* **DATA SECTION**:
###

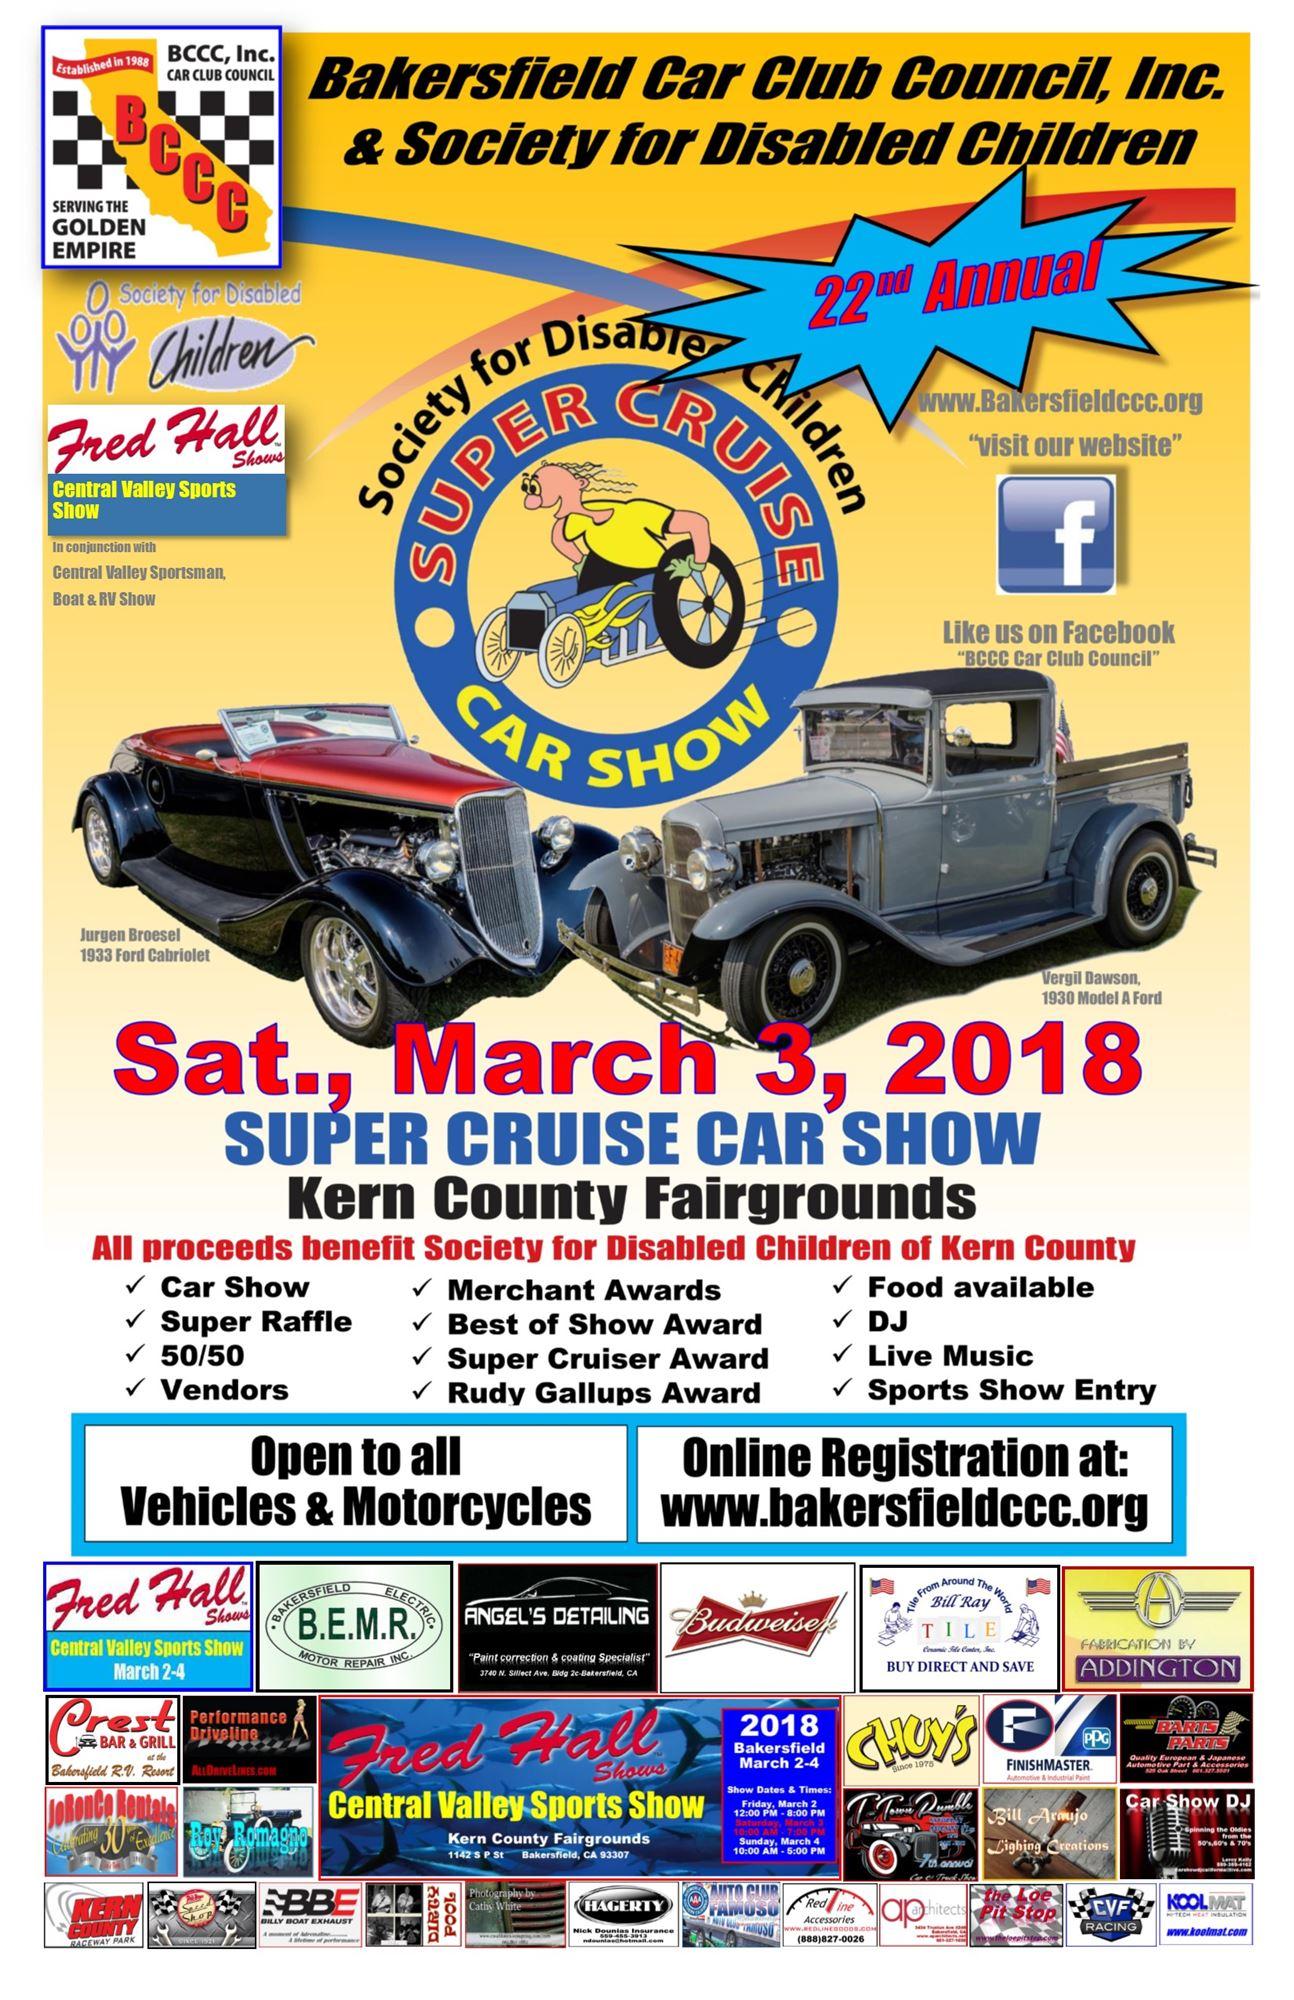 Super Cruise Car Show - Cruise car show
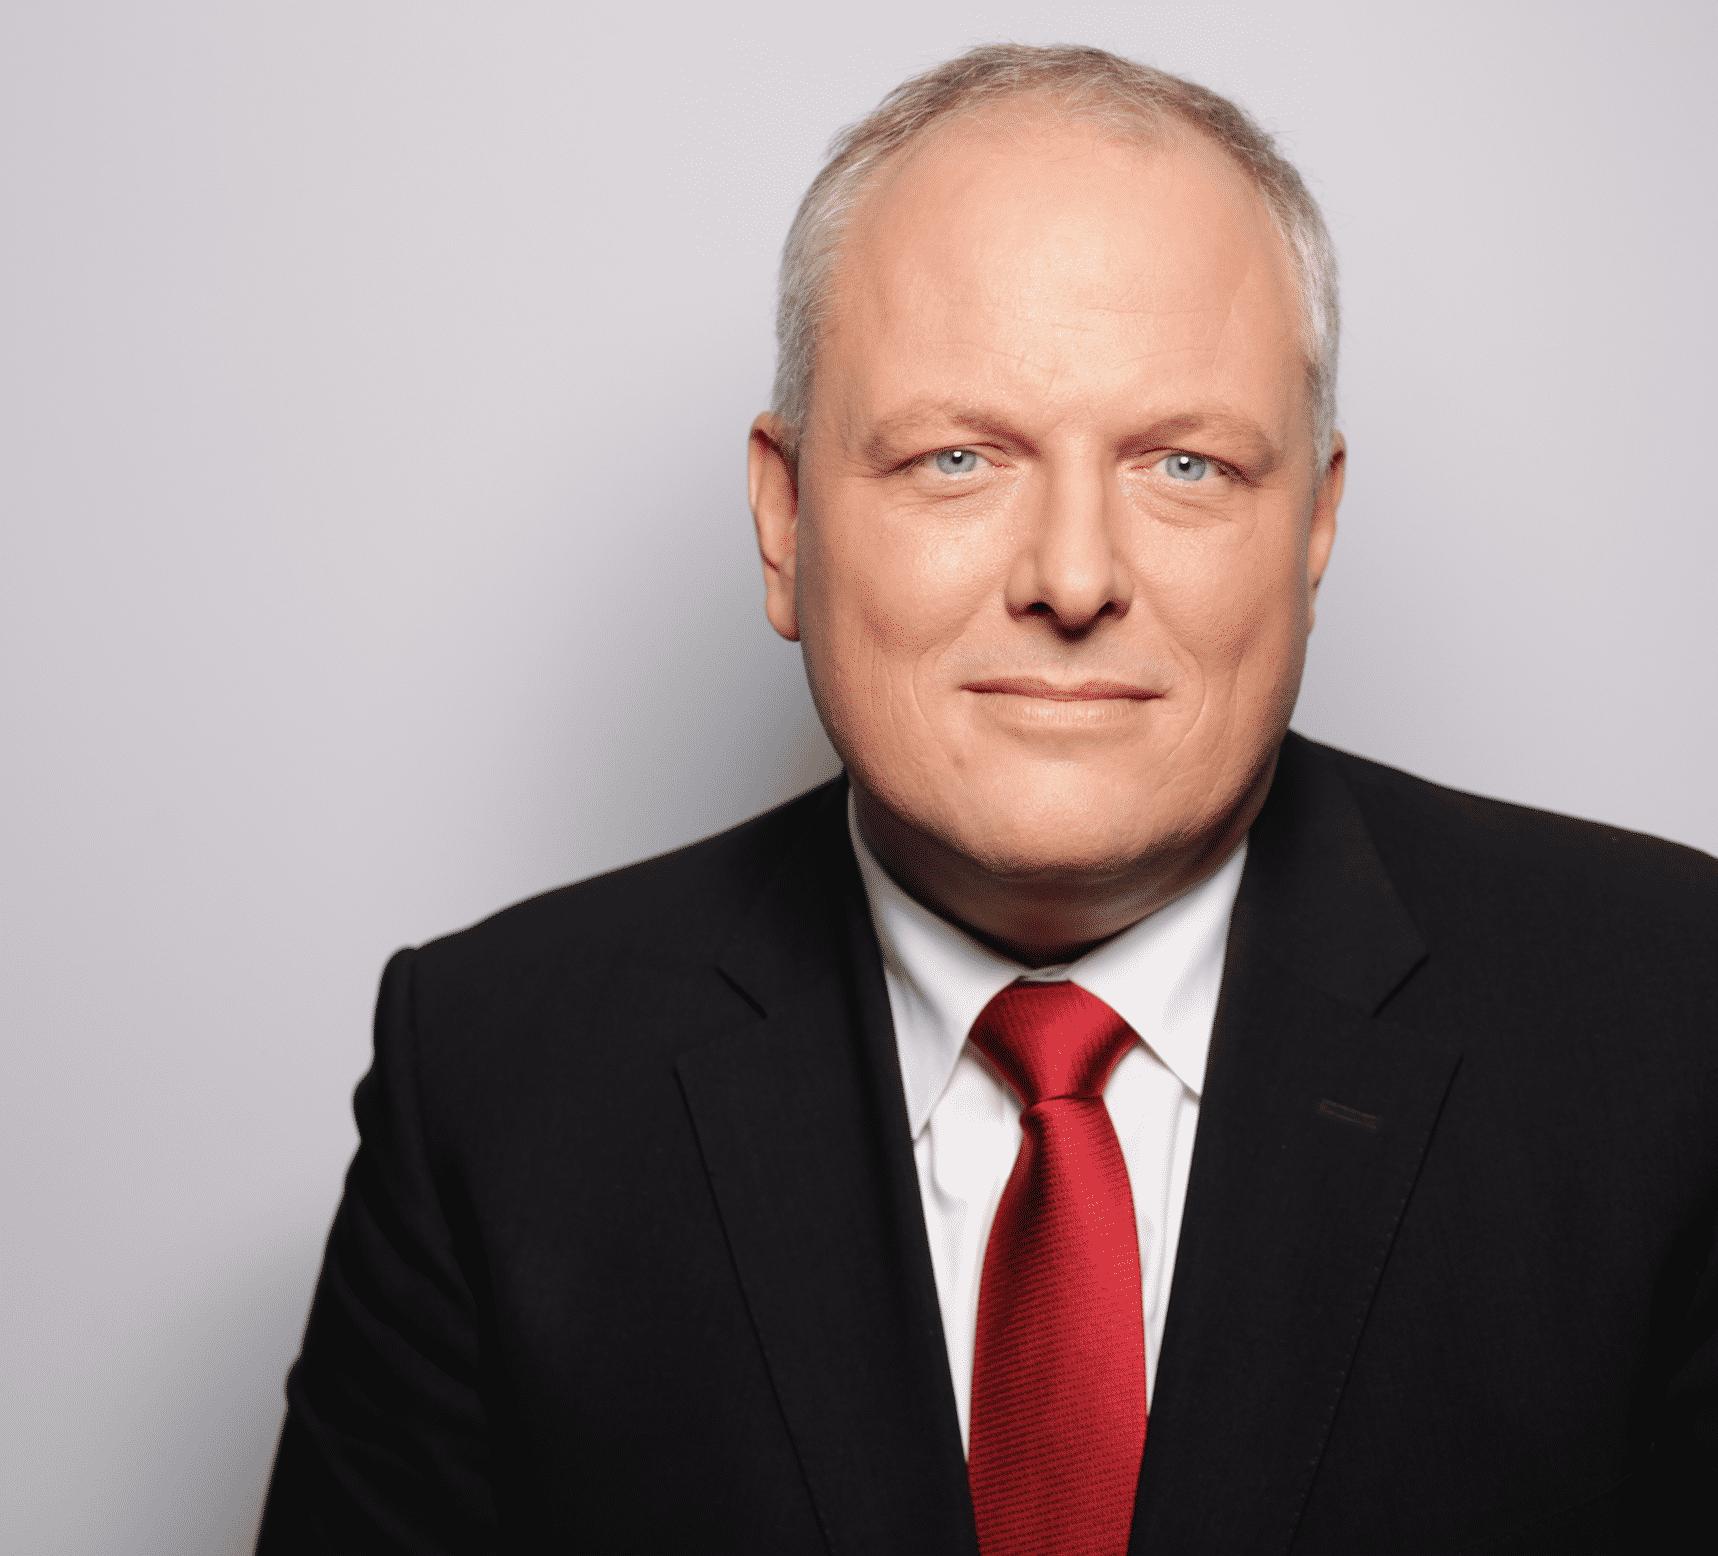 Ulrich Kelber, MdB
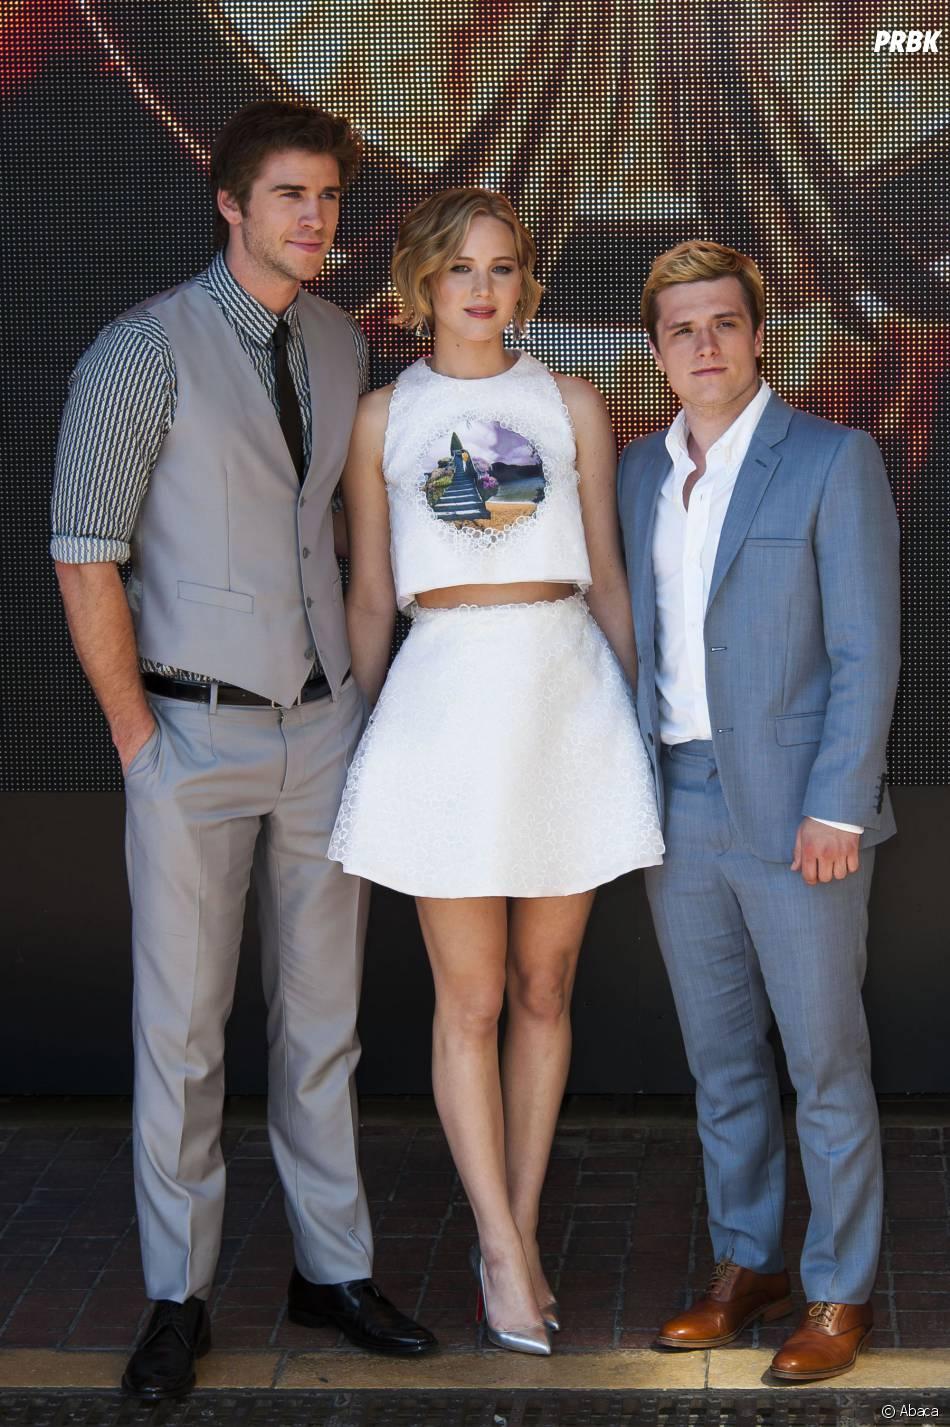 Hunger Games 3 : Jennifer Lawrence entourée de Liam Hemsworth et Josh Hutcherson au Festival de Cannes 2014

###

* **DESCRIPTION OF THE TASK**: Omit every picture, then repeat the remaining data exactly as it appears above.

* **SOLUTION TO THIS TASK**:
 Super Cruise Car Show - Cruise car show
 Ulrich Kelber, MdB
 Hunger Games 3 : Jennifer Lawrence entourée de Liam Hemsworth et Josh Hutcherson au Festival de Cannes 2014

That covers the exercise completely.